Plaintiff claimed that she never saw the memo until this litigation commenced. Nonetheless, plaintiff acknowledged in her deposition that she met with Rodgers in November 2006 and that he urged her to "demonstrate a more upbeat, positive, less combative attitude[.]" Plaintiff, however, denied that she had "a negative . . . attitude." She also acknowledged that she and Rodgers discussed the mistakes in the marketing materials, but she characterized them as "little blips in a much bigger picture."
In January 2007, plaintiff met with Rodgers. She believed the purpose of the meeting was to discuss a "new marketing plan and the sales department moving forward for the year." Instead, Rodgers told plaintiff that "he had some good news and some bad news." Rodgers informed plaintiff that The Mill was hiring a full-time banquet manager, probably Rodgers' son, to replace her, and rescinding plaintiff's $7500 raise. Rodgers also told plaintiff that she was relieved of the responsibilities of organizing special and networking events so that she could focus on marketing and sales. As a result, plaintiff claims that she anticipated losing an additional $6000 per year in commissions earned from "networking proceeds."
Plaintiff testified that she was "completely shocked," "upset and outraged" by Rodgers' decision. She told Rodgers that while it was acceptable to hire a full-time banquet manager, "[she] would hand in [her] resignation" "if [he] eliminate[d] the special events" and the additional money she received from them. Plaintiff "was completely insulted" because she "was hired . . . 20 years ago" to do special events, and had "created them, marketed them, made them successful, and ran them."
Rodgers told plaintiff that she could potentially earn more money "through a new commission plan." Plaintiff testified the plan "was extremely complicated" with unrealistic sales goals. More importantly, plaintiff believed that she "would not see or realize a lot of the commissions that [Rodgers] was referring to" because they were paid on smaller parties booked by Cirillo, not plaintiff and her staff. Plaintiff testified that she was "dissatisfied" with the new compensation plan and angry, acknowledging that she felt "the company was more concerned about the bottom line rather than with [her] personal feelings and [her] 20 some odd years with The Mill."

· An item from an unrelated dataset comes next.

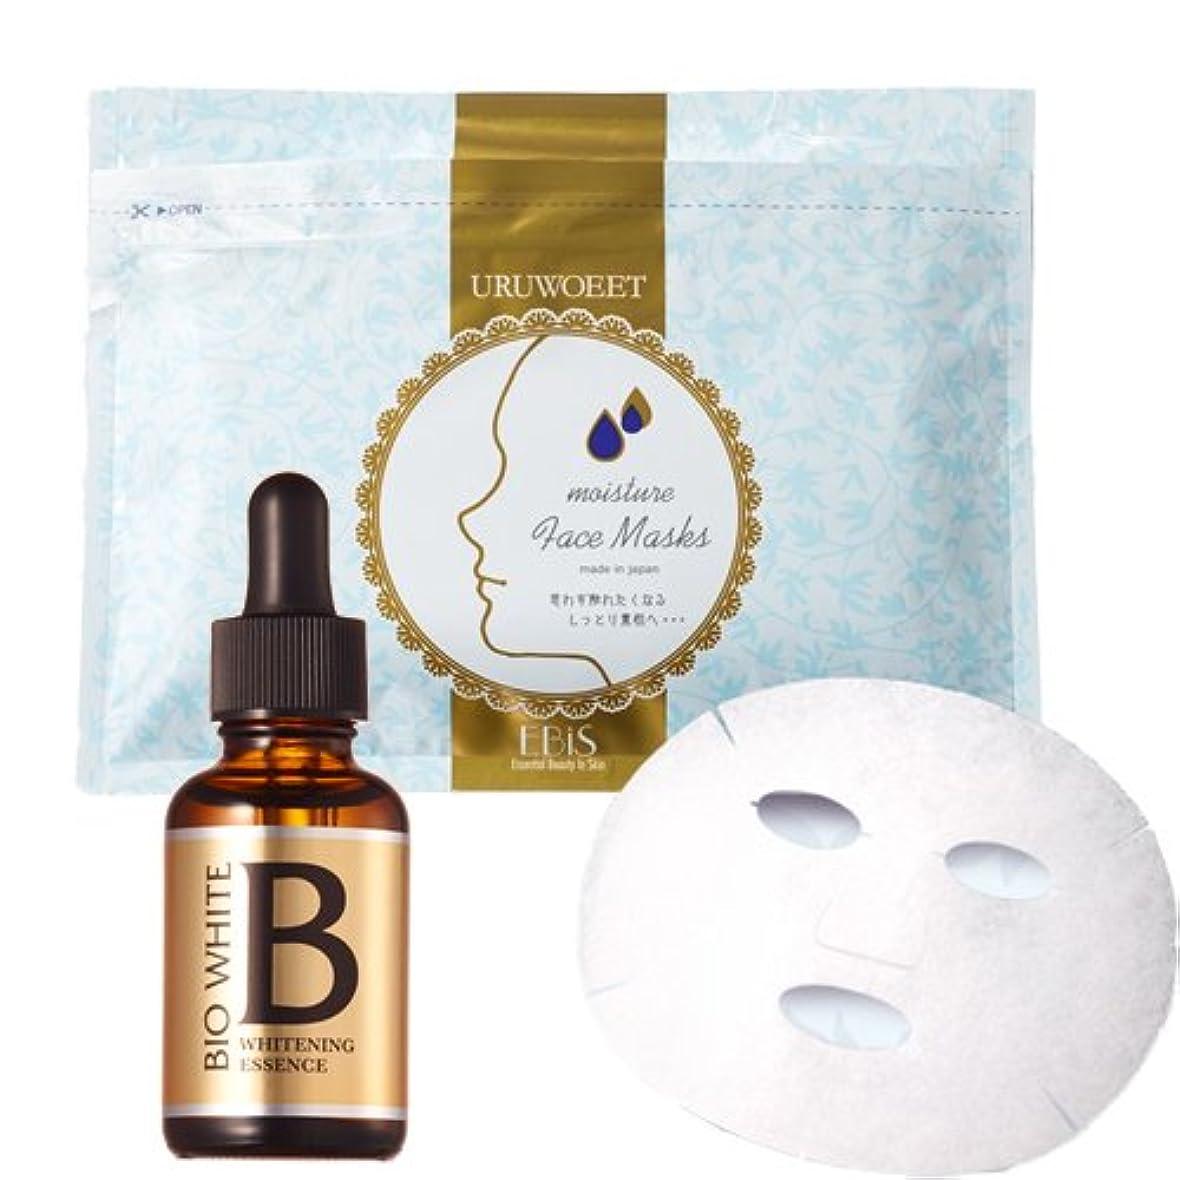 本定刻登録するエビス化粧品(EBiS) 潤い美白セット(エビス ビーホワイト10ml+ウルオイートN36枚)

Plaintiff asked for a meeting with "the owner" to discuss her concerns and "where [her] job was going." Rodgers told plaintiff he would take her concerns to the owners, but no meeting was ever scheduled. The next day, plaintiff drafted a resignation letter but never submitted it to Tolchin or Rodgers.*fn3
On January 21, 2007, Rodgers sent plaintiff an email noting, "We are all hopeful that things will work out for you with The Mill"; he attached a detailed memo. The memo explained plaintiff's "[r]esponsibilites and [c]ompensation." We quote from it at length:
As discussed . . . your job responsibilities and compensation will be modified for 2007. . . . [I]t is necessary that your sales and marketing efforts be directed toward building the banquet and ala carte sales volume with greater emphasis on creating new opportunities beyond wedding business, while continuing to increase wedding sales as well. . . . [I]n order for The Mill to achieve it's [sic] 2007 sales goals . . . your responsibilities must be reduced to allow you to focus your full efforts on sales and marketing functions. . . . Your base weekly salary will be at the annualized rate of $42,500 with a commission plan in accordance with the attached outline that will provide approximately $30,475 in annual commissions provided that the sales goals ofThe Mill are achieved. In addition you will have an unlimited potential to earn significantly more based upon the successful performance of your sales department.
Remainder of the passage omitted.